### EXERCISE
The required answer is the data below, restated word for word with images omitted.

### SUPPLIED DATA
[Start of section]
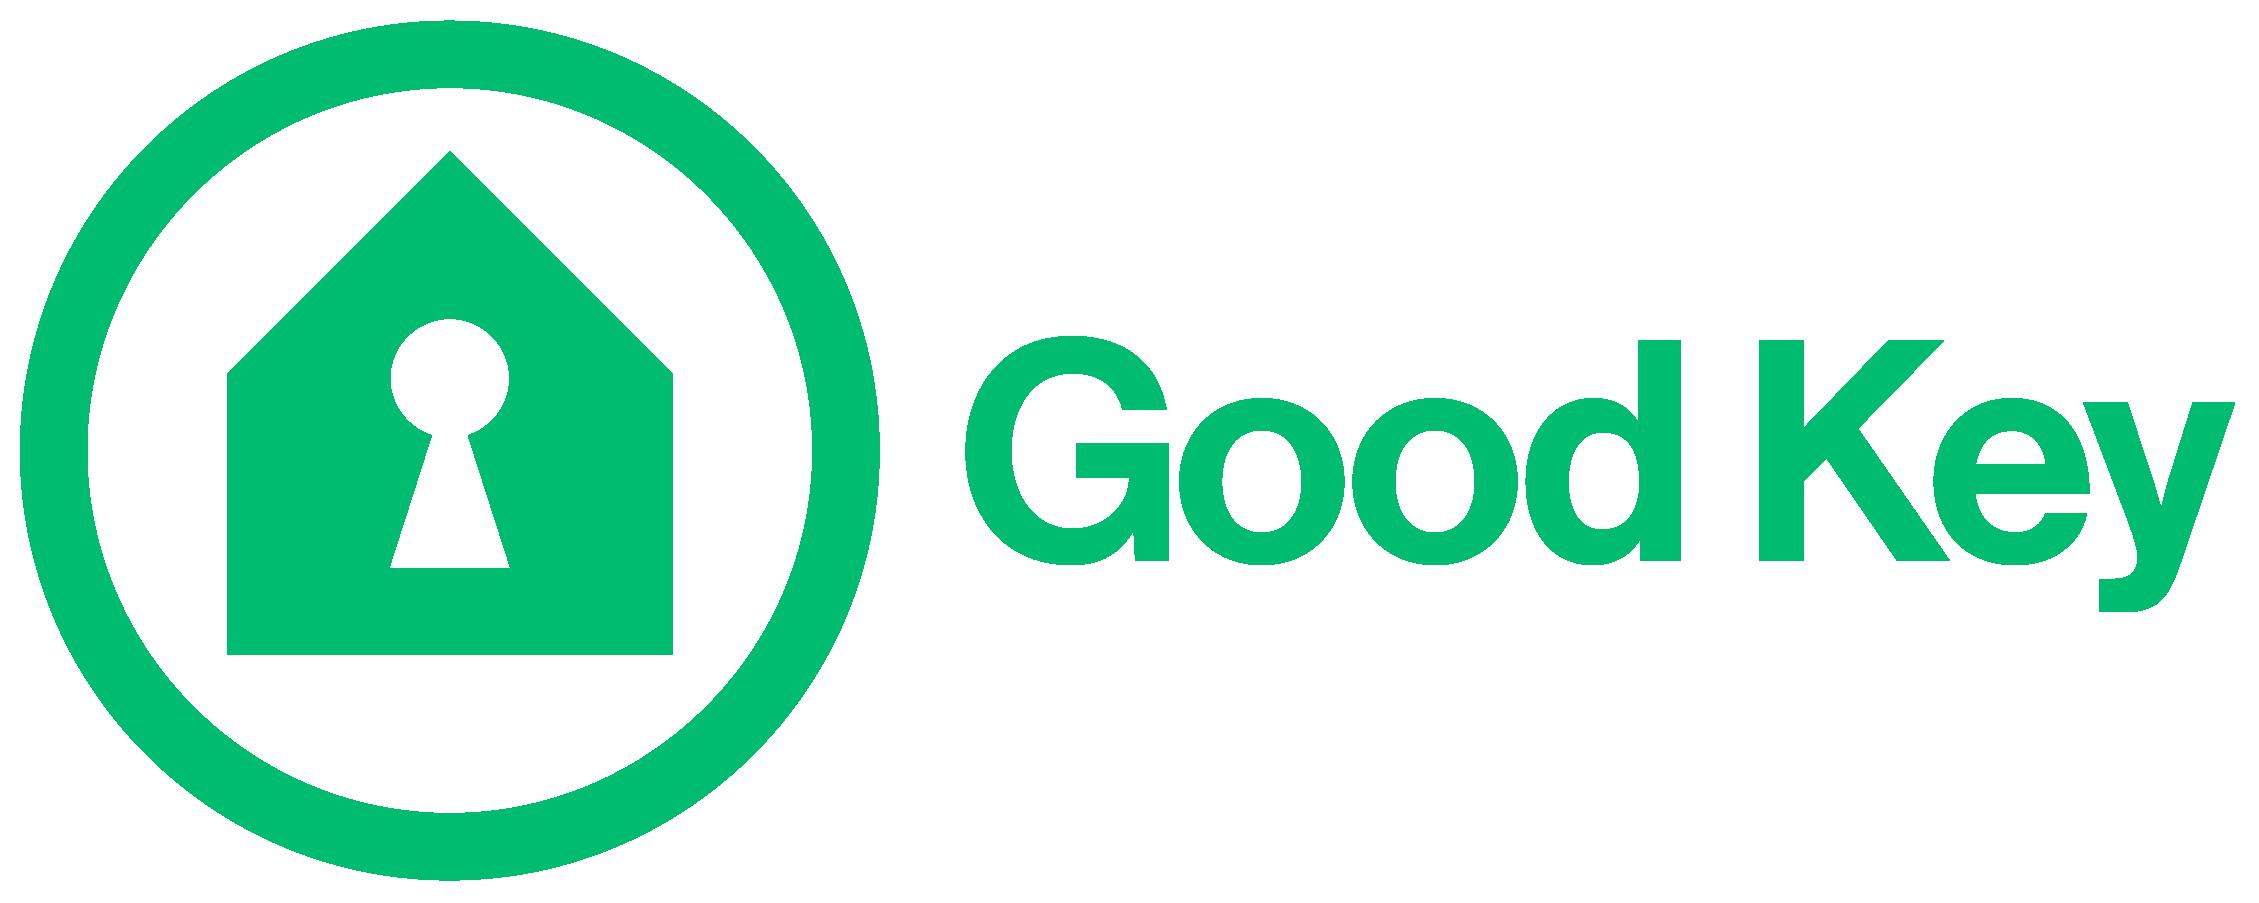 GoodKey_Brandmark_Horizontal_Green_Web_RGB@2x.png
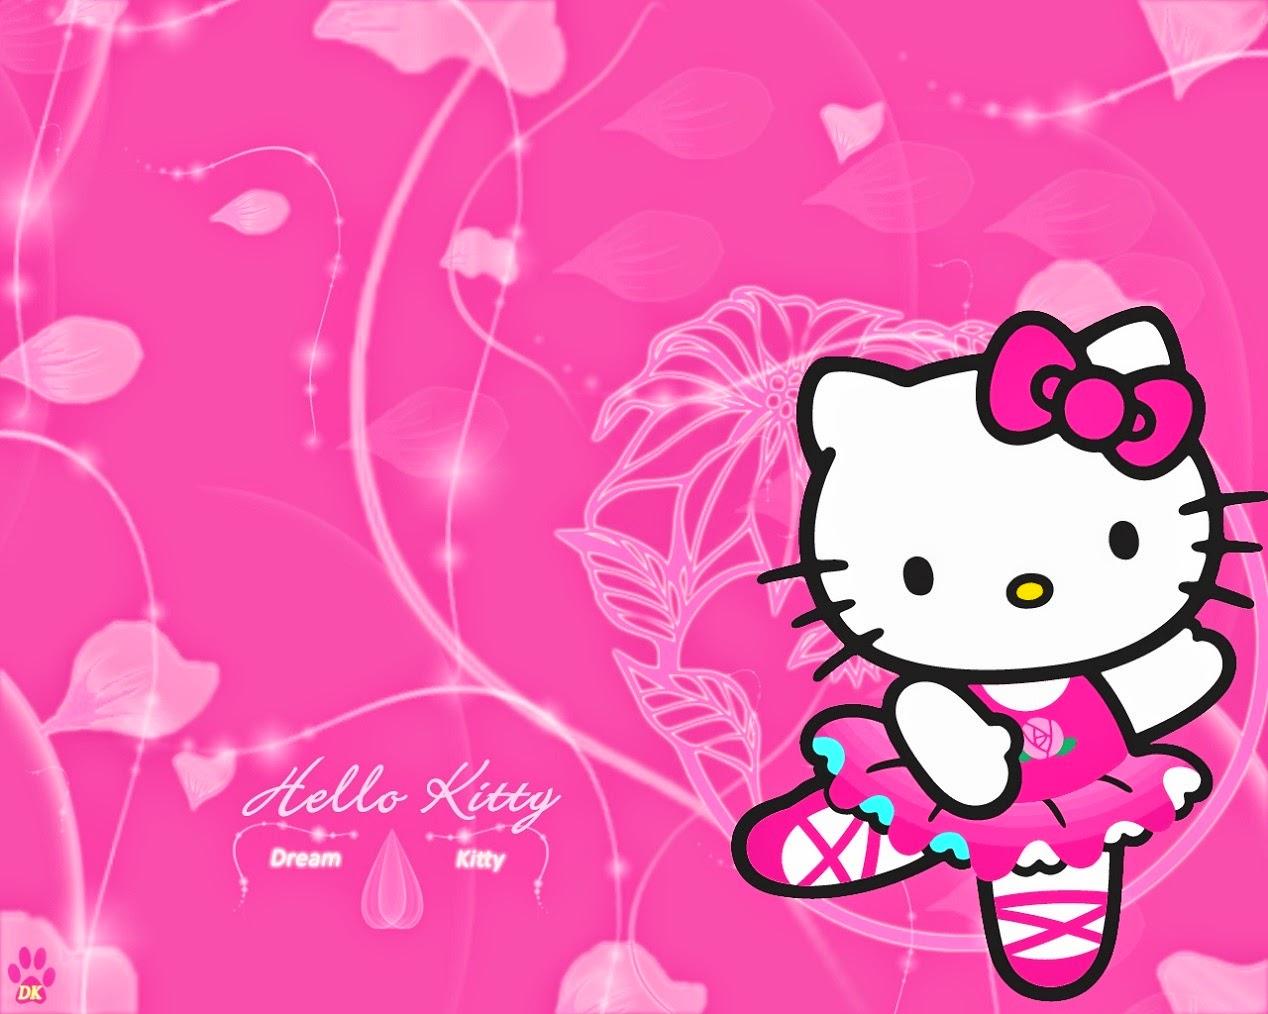 30 Best Hello Kitty Hd Wallpapers
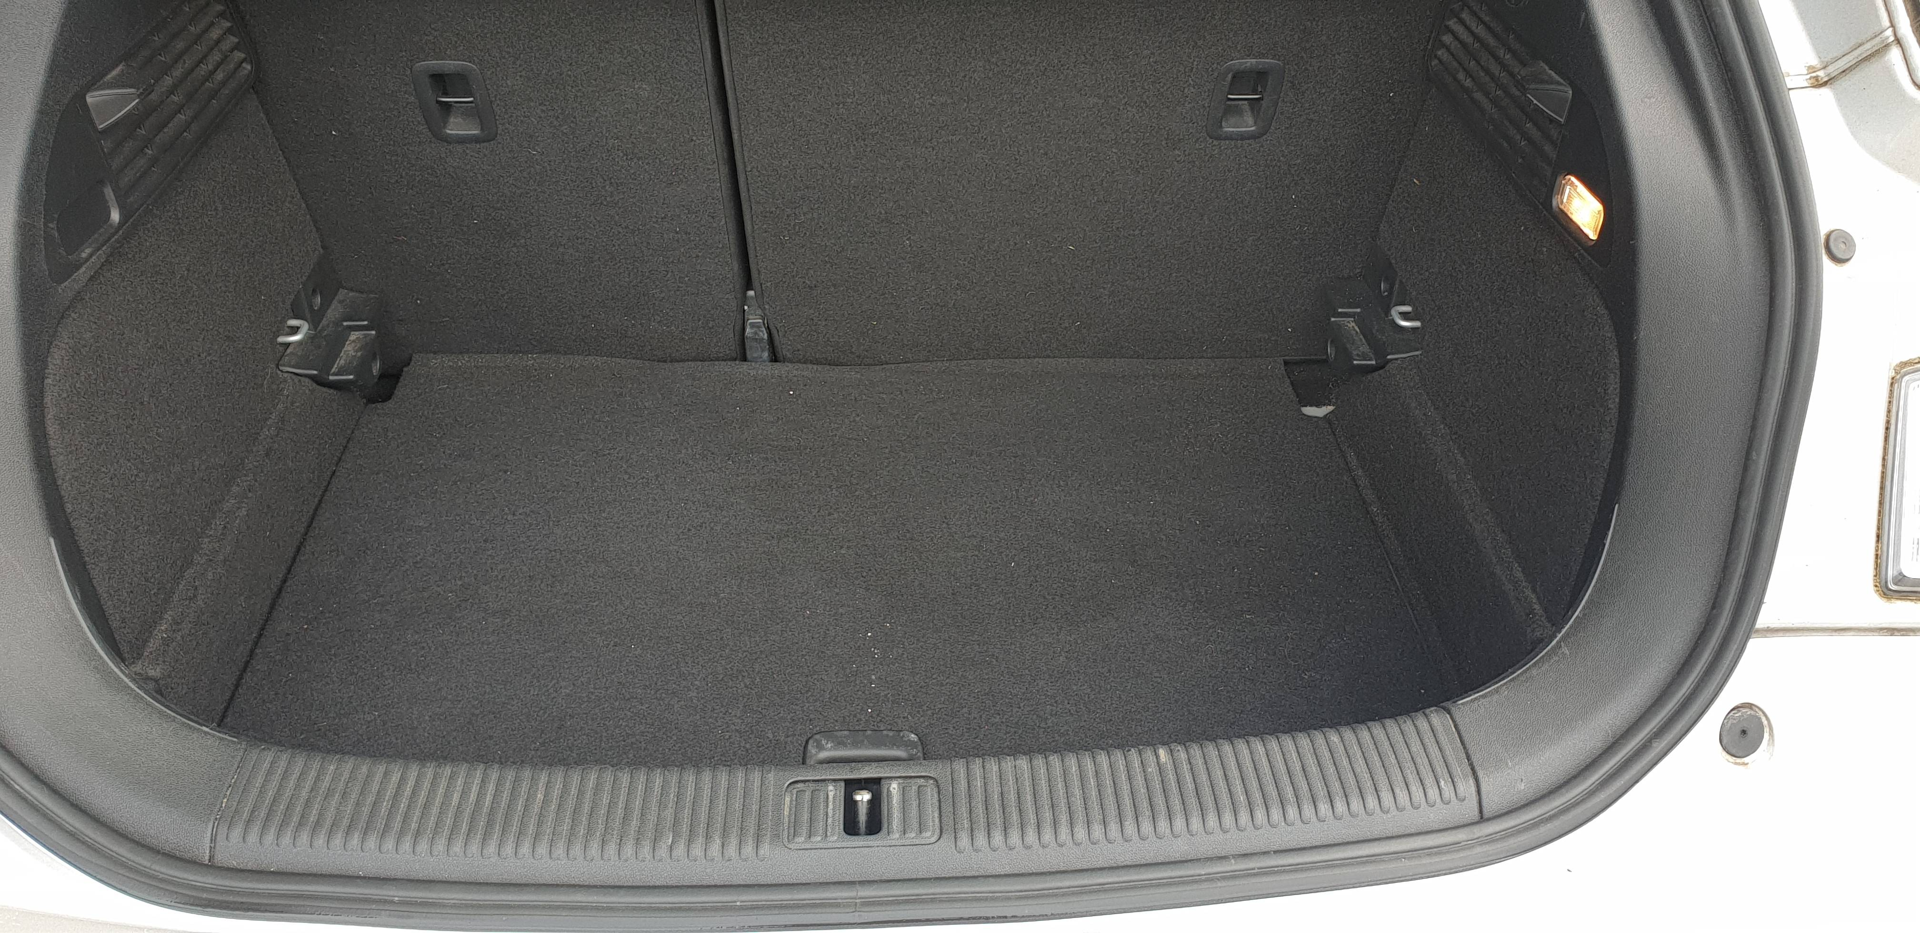 7 - A1 Sportback 1.2 TFSI 86
[End of section]
### ANSWER FOR THE TASK
 GoodKey_Brandmark_Horizontal_Green_Web_RGB@2x.png
 30 Best Hello Kitty Hd Wallpapers
 7 - A1 Sportback 1.2 TFSI 86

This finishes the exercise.